Assignment 2: B+ Tree Assignment
Due: Tuesday, November 2, 1999
Instructor: Rich Maclin
In this assignment, you will implement a B+ tree in which leaf level pages contain entries of the form <key, rid of a data record> (Alternative 2 for data entries, in terms of the textbook.) You must implement the full search and insert algorithms as discussed in class. In particular, your insert routine must be capable of dealing with overflows (at any level of the tree) by splitting pages; as per the algorithm discussed in class, you will not consider re-distribution. For this assignment, you can deal with deletes by simply marking the corresponding leaf entry as `deleted'; you do not have to implement merging.
Your page classes will be based on the structures HFPage and SortedPage. The structure files for these classes can be found in:
SortedPage is derived from HFPage, and it augments the insertRecord method of HFPage by storing records on the HFPage in sorted order by a specified key value. The key value must be included as the initial part of each record, to enable easy comparison of the key value of a new record with the key values of existing records on a page. The documentation available in the header files is sufficient to understand what operation each function performs.
You need to implement two page-level classes, BTIndexPage and BTLeafPage, both of which are derived from SortedPage. These page classes are used to build the B+ tree index; you will write code to create, destroy, open and close a B+ tree index, and to open scans that return all data entries (from the leaf pages) which satisfy some range selection on the keys.
You will carry out this assignment in teams with the same partners as in the previous assignment.
You will need to copy files from the src directory for this assignment.
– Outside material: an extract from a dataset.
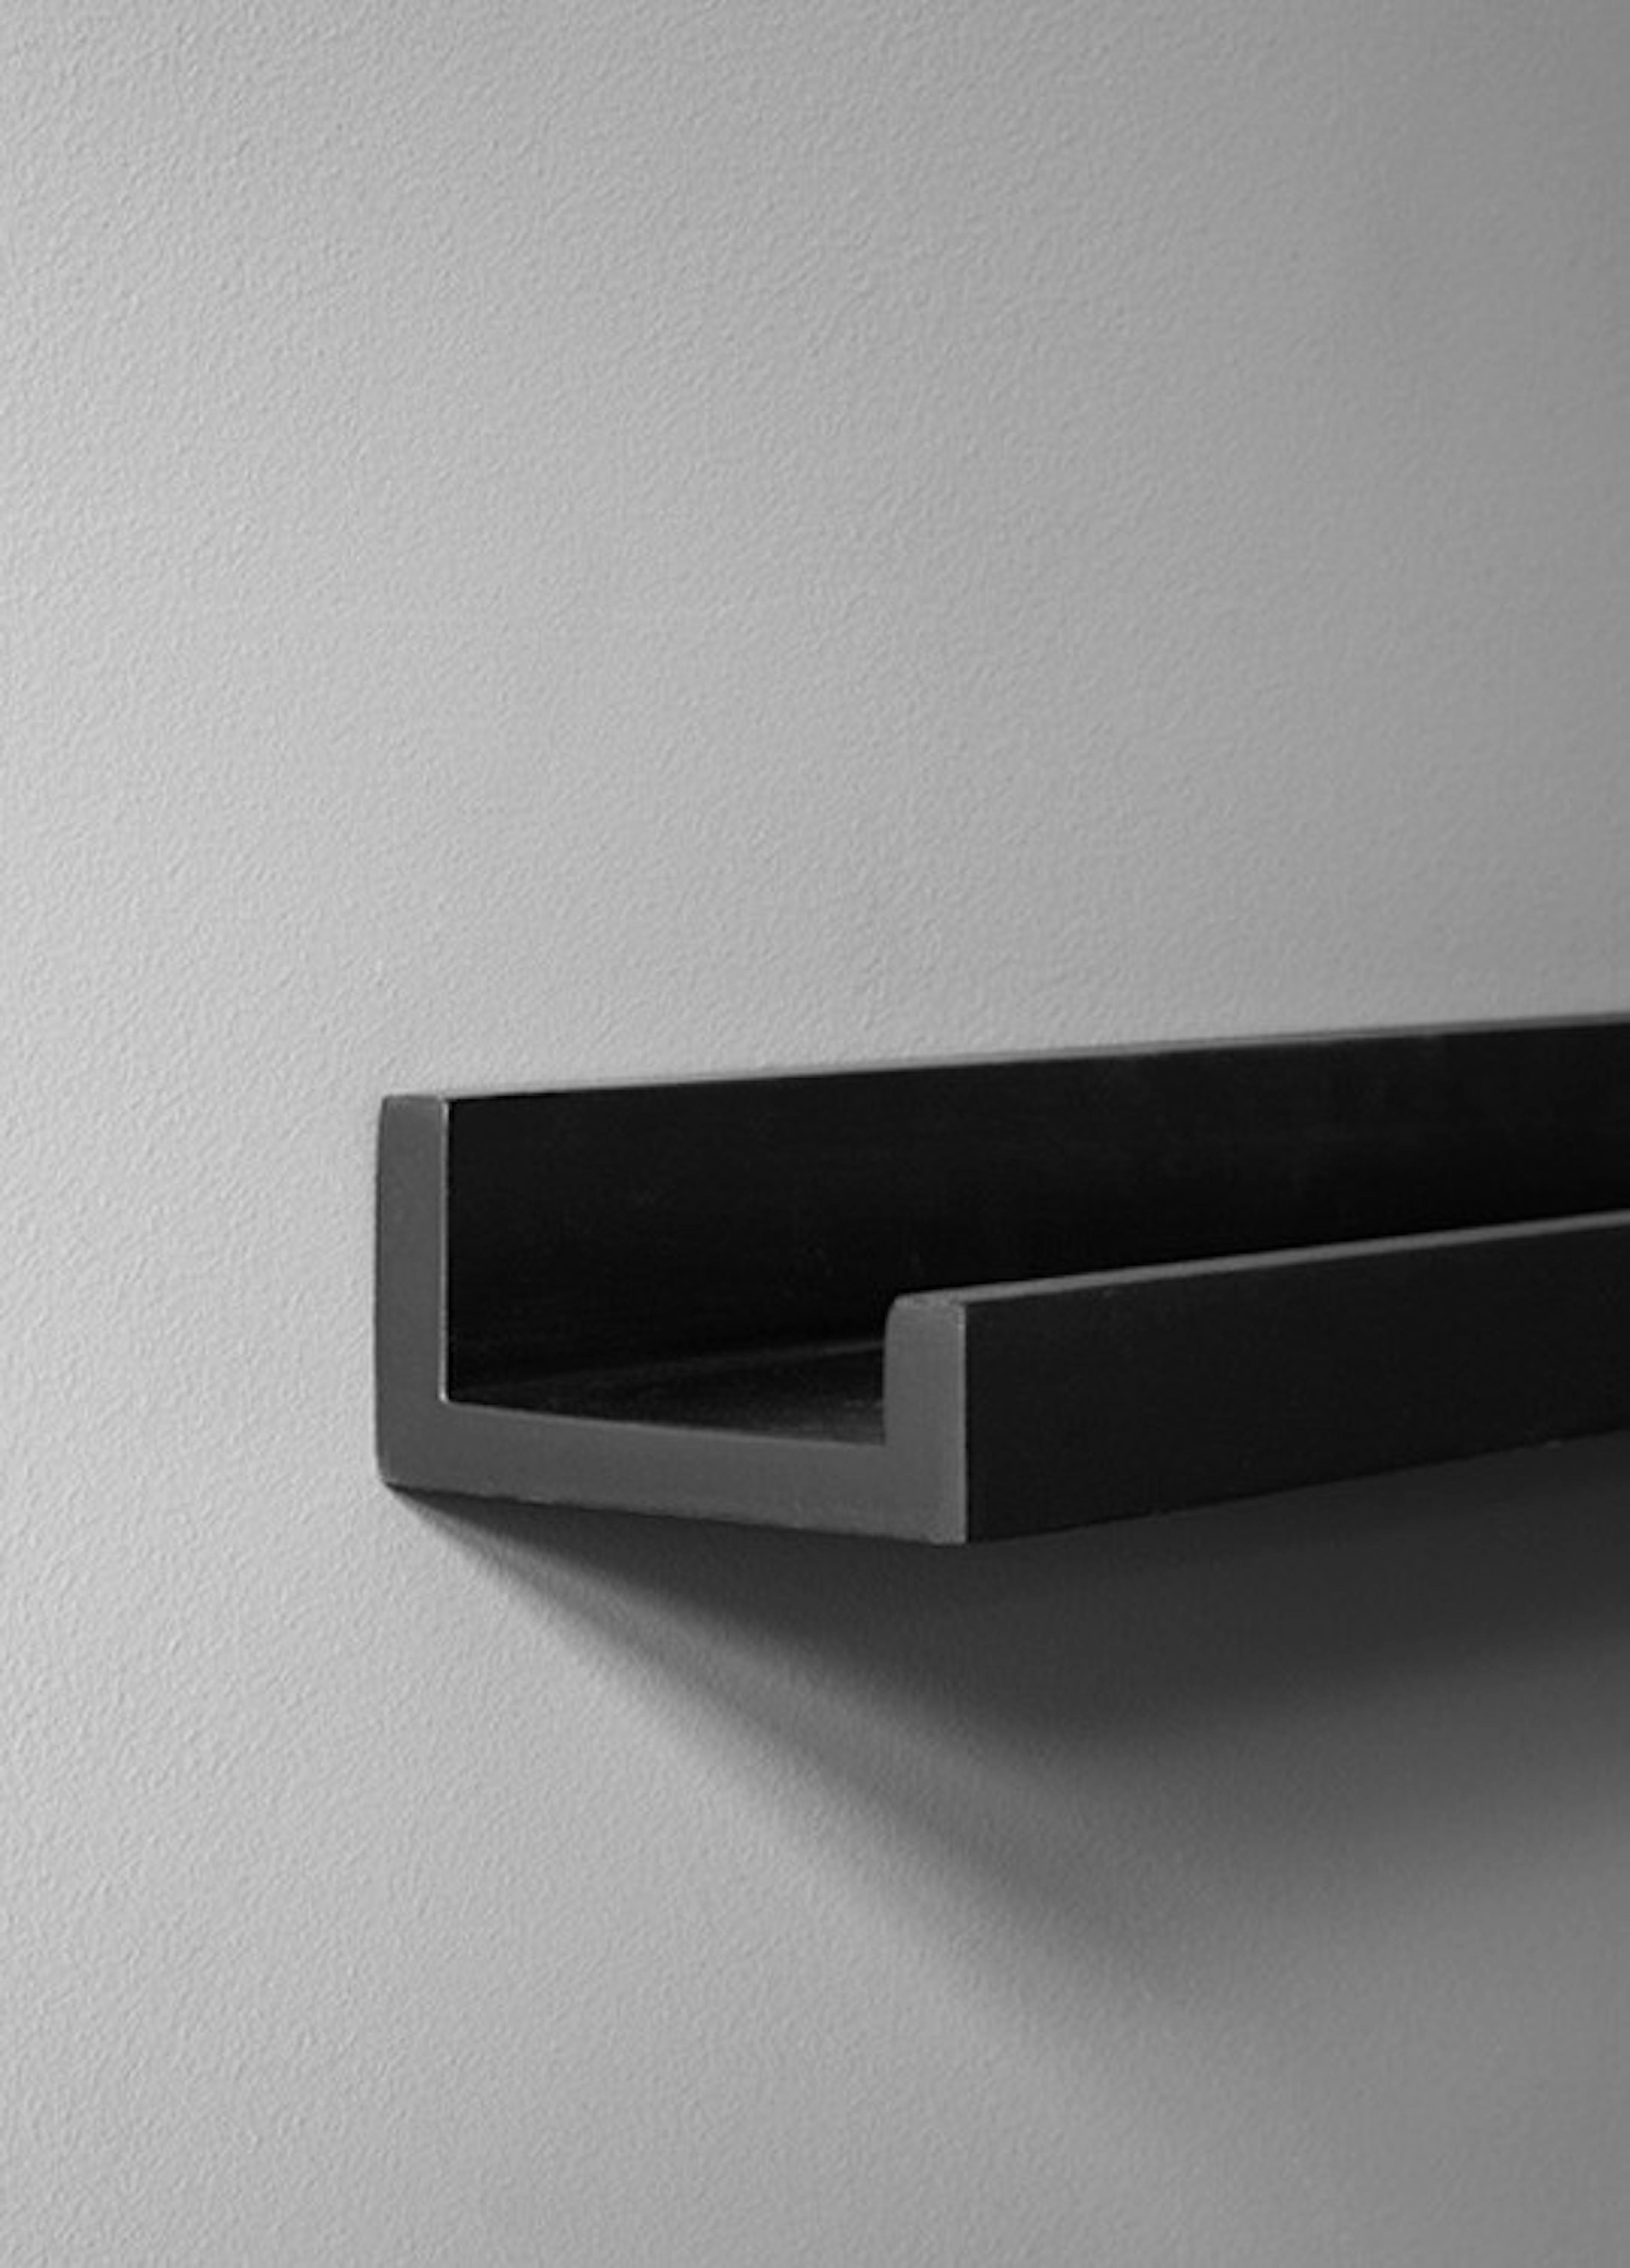 Black picture ledge (70cm - 28in)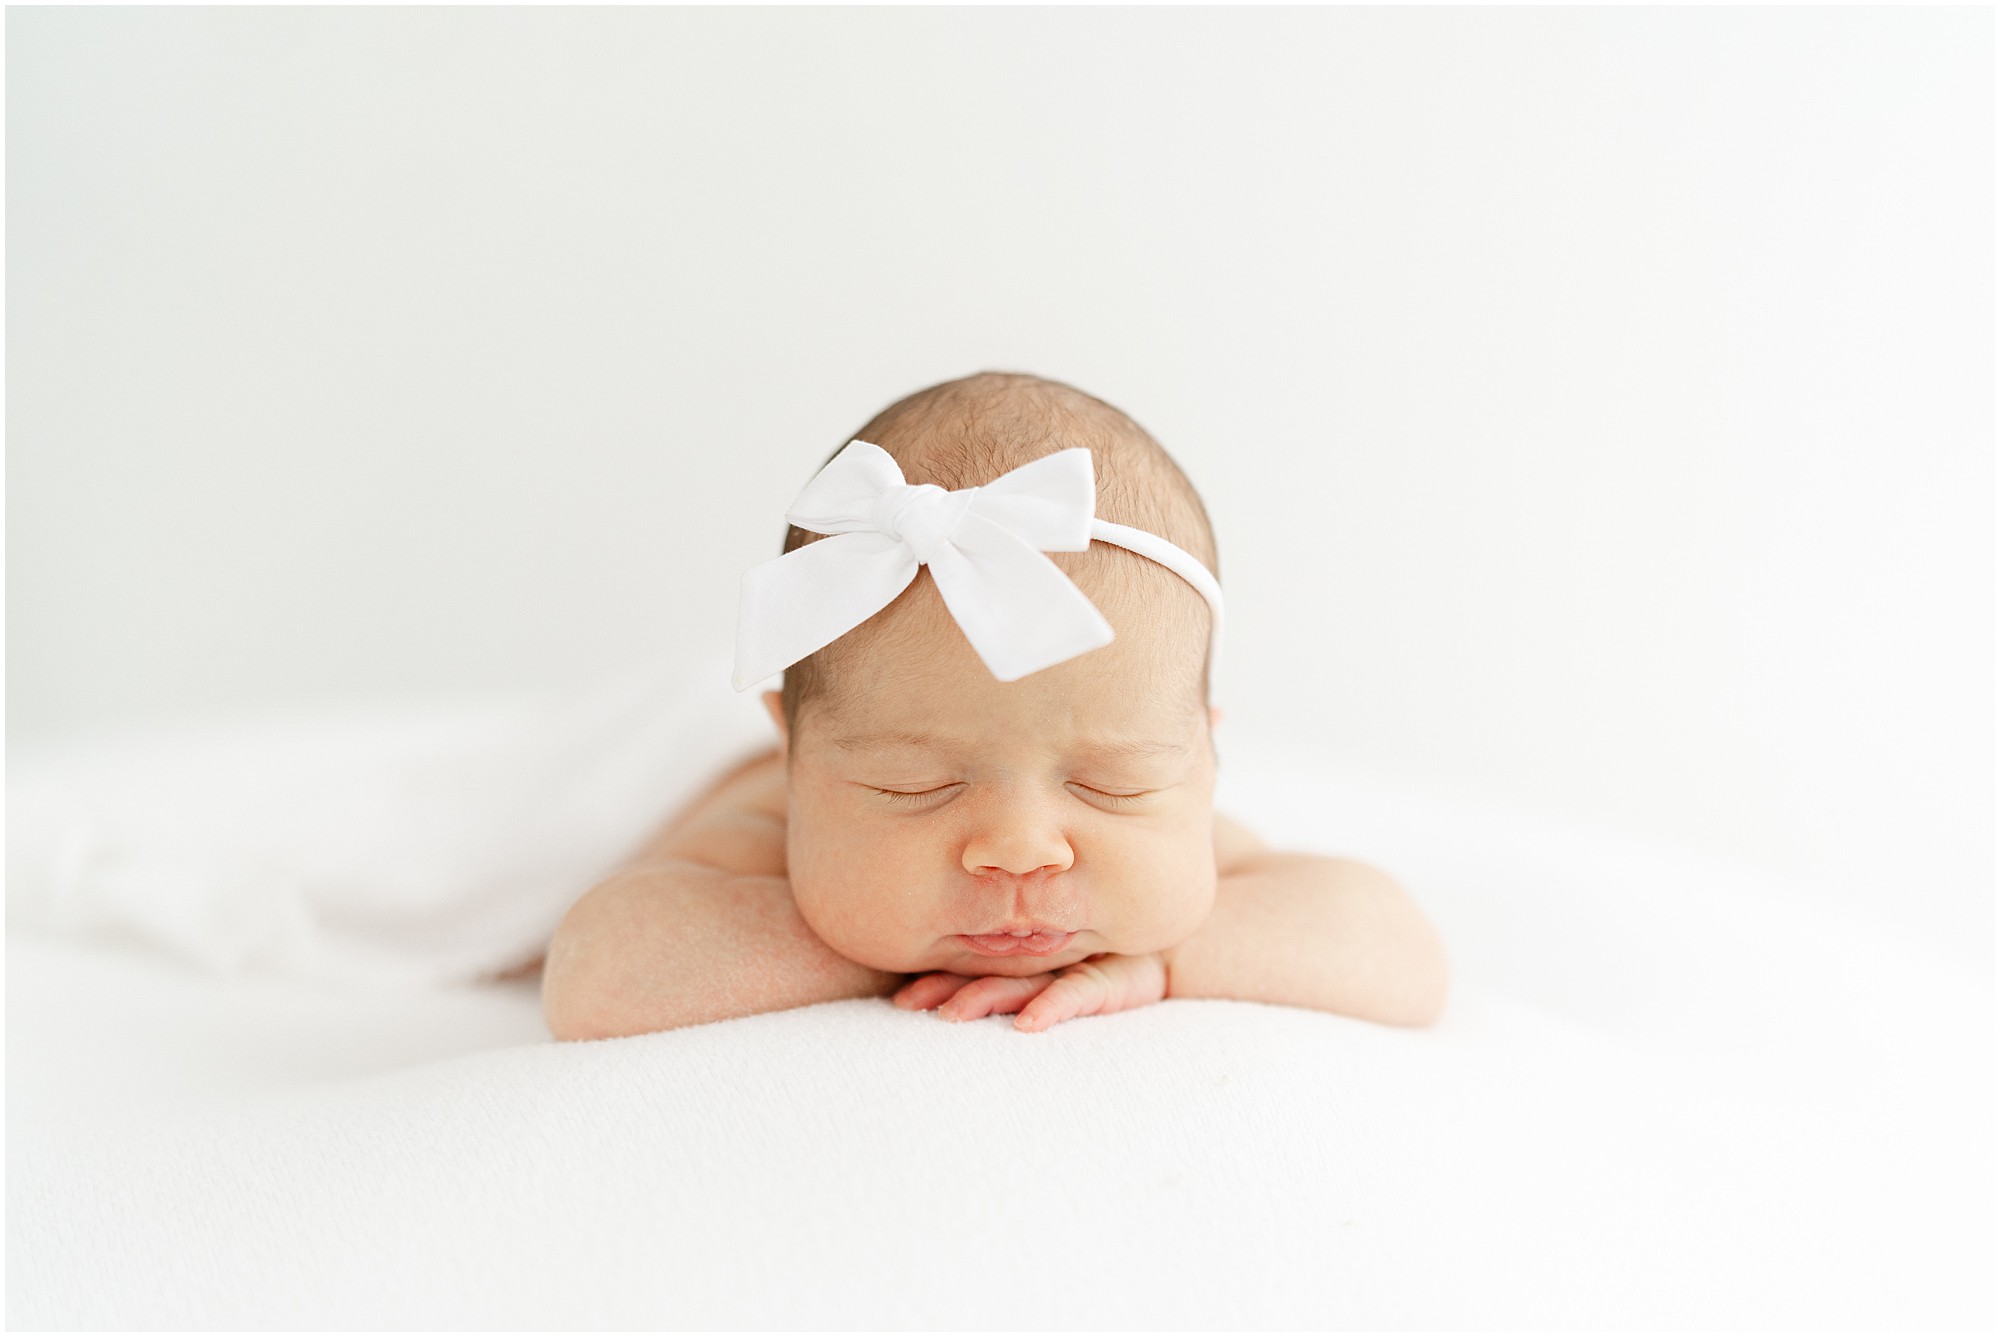 Atlanta studio newborn photography images of a newborn baby girl with a white headband.

To do this you need to follow the same steps as in the previous assignment:
/usr/local/minibase/mini_hwk/assign/BTree/srcto your work directory.
make setupwhich will copy the appropriate files.
The files found in src include:
You can find other useful include files bt.h, hfpage.h, sorted_page.h, index.h,test_driver.h, btree_driver.h, minirel.h and new_error.h in /usr/local/minibase/minibase-2.0/include.
You should begin by (re-)reading the chapter Tree Structured Indexing of the textbook to get an overview of the B+ tree layer.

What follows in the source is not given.